◆ **TASK DESCRIPTION**: Leaving pictures out, repeat word for word the line that has "[Yamahata Rian] Tensuushugi" and each line that follows it to the end of the listing.

◆ **INPUT DATA**:
○ ○ ○
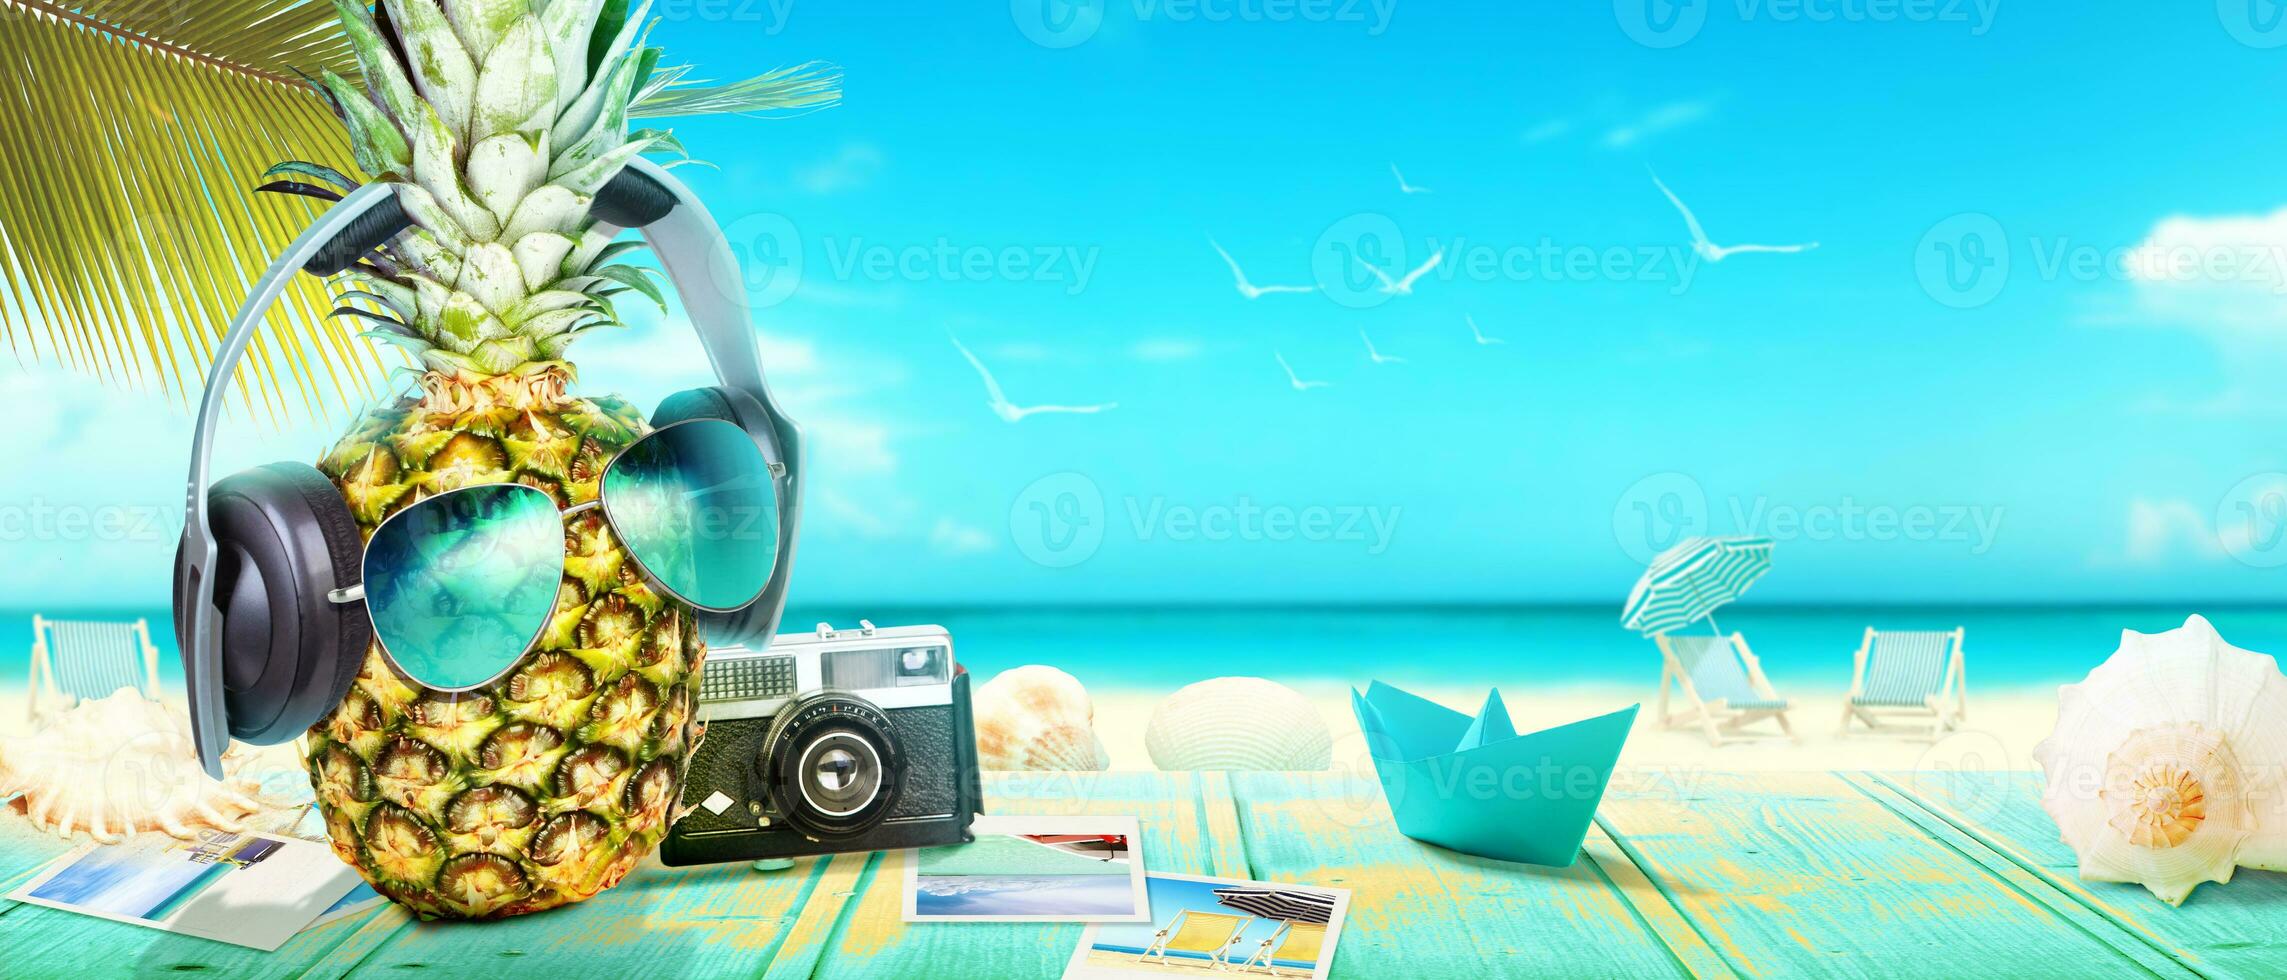 Creative pineapple with sunglasses on summer background. photo
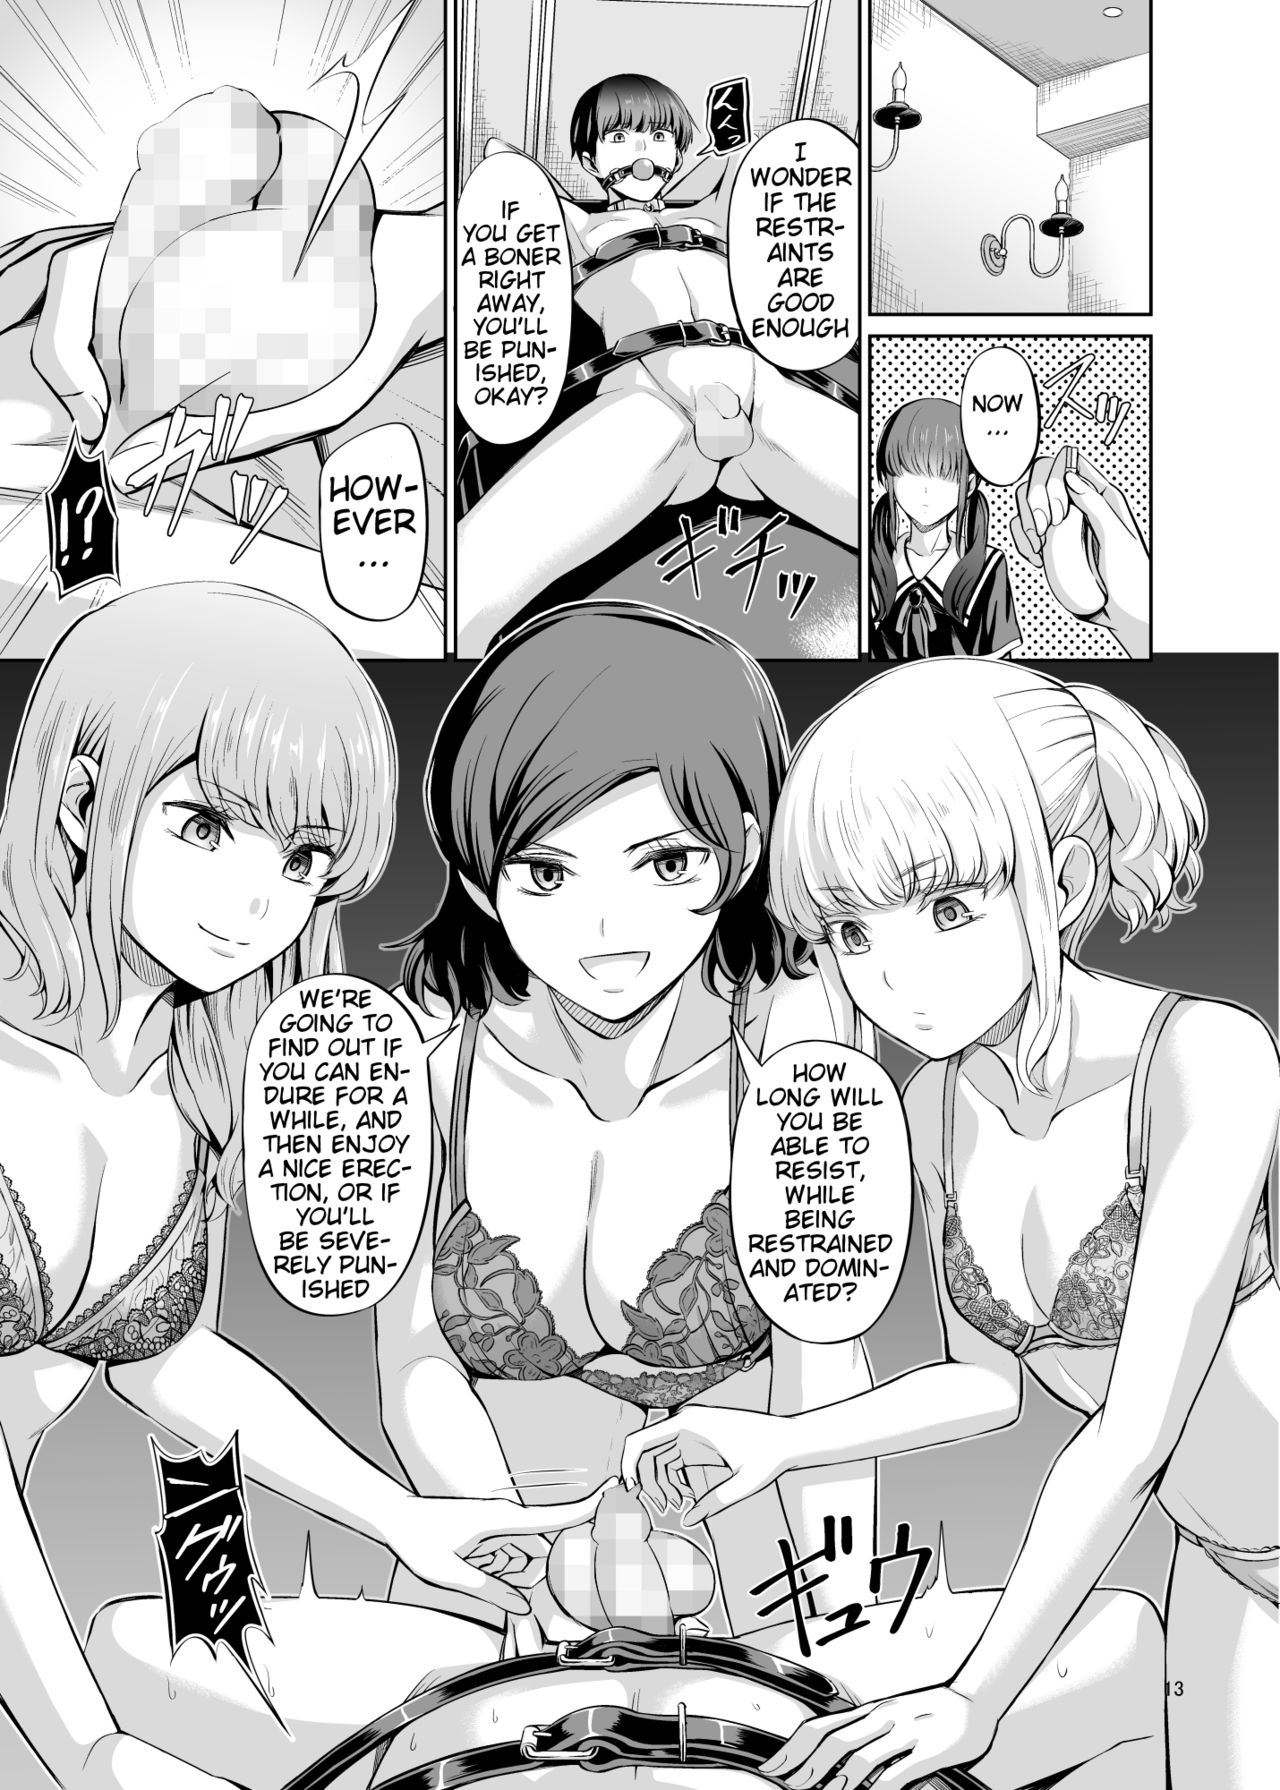 [Yamahata Rian] Tensuushugi no Kuni Kouhen | A Country Based on Point System Sequel [English] [Esoteric_Autist, klow82] page 15 full
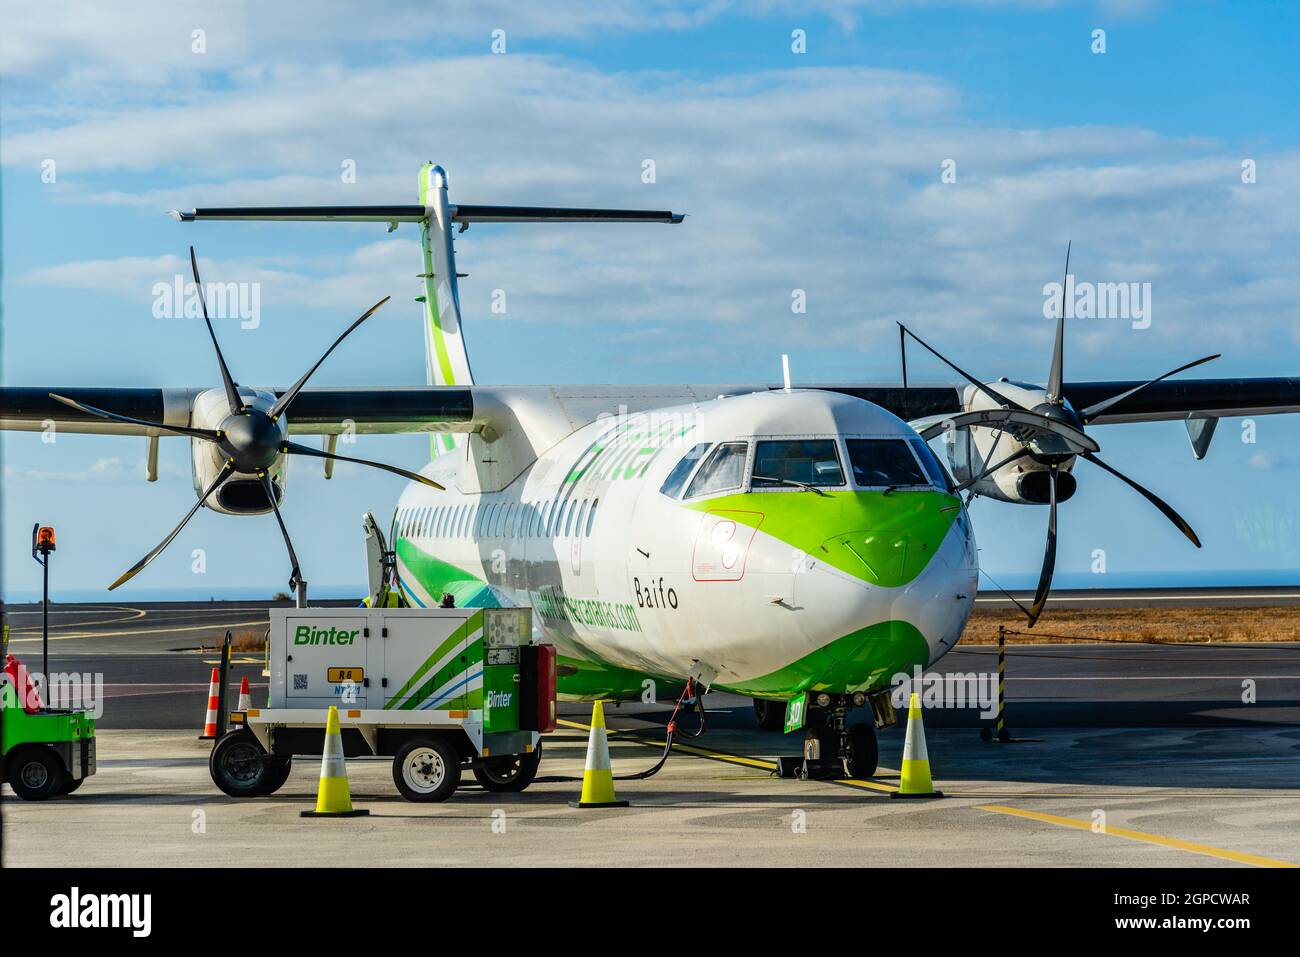 La Gomera, Spain - August 12, 2021: Propeller airplane provisioning on the runway. ATR 72 plane of Binter Canarias Airline Stock Photo
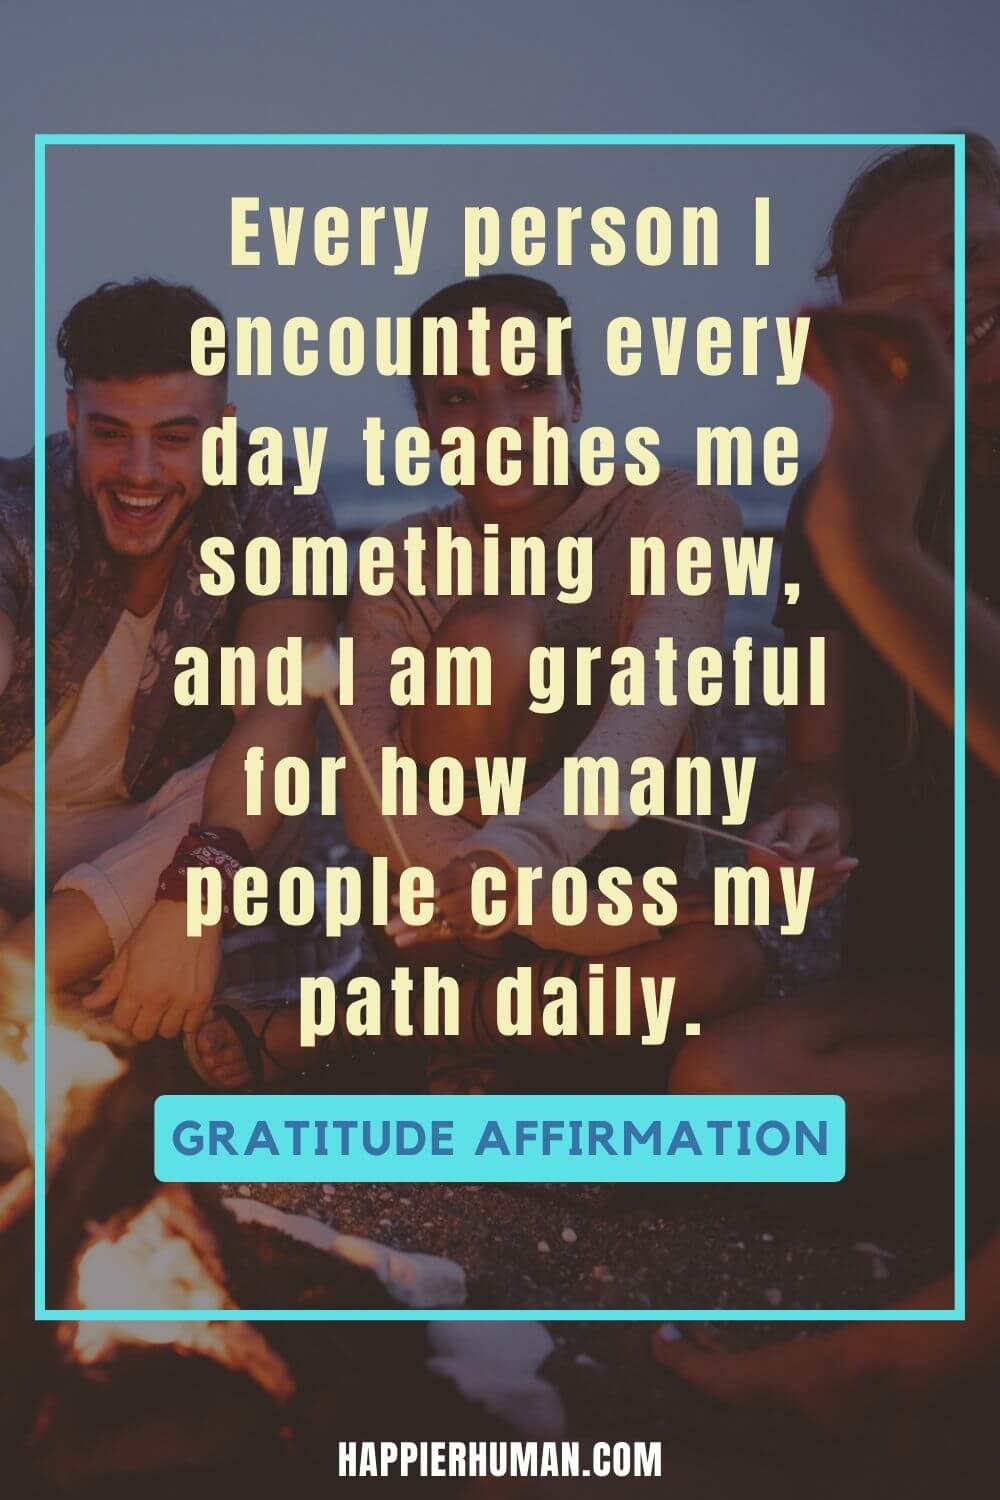 Gratitude Affirmations - Every person I encounter every day teaches me something new, and I am grateful for how many people cross my path daily. | gratitude affirmations for friends | gratitude affirmations to god | gratitude affirmations pdf
○ ○ ○
◆ **EXPECTED ANSWER**:
 [Yamahata Rian] Tensuushugi no Kuni Kouhen | A Country Based on Point System Sequel [English] [Esoteric_Autist, klow82] page 15 full
 La Gomera, Spain - August 12, 2021: Propeller airplane provisioning on the runway. ATR 72 plane of Binter Canarias Airline Stock Photo
 Gratitude Affirmations - Every person I encounter every day teaches me something new, and I am grateful for how many people cross my path daily. | gratitude affirmations for friends | gratitude affirmations to god | gratitude affirmations pdf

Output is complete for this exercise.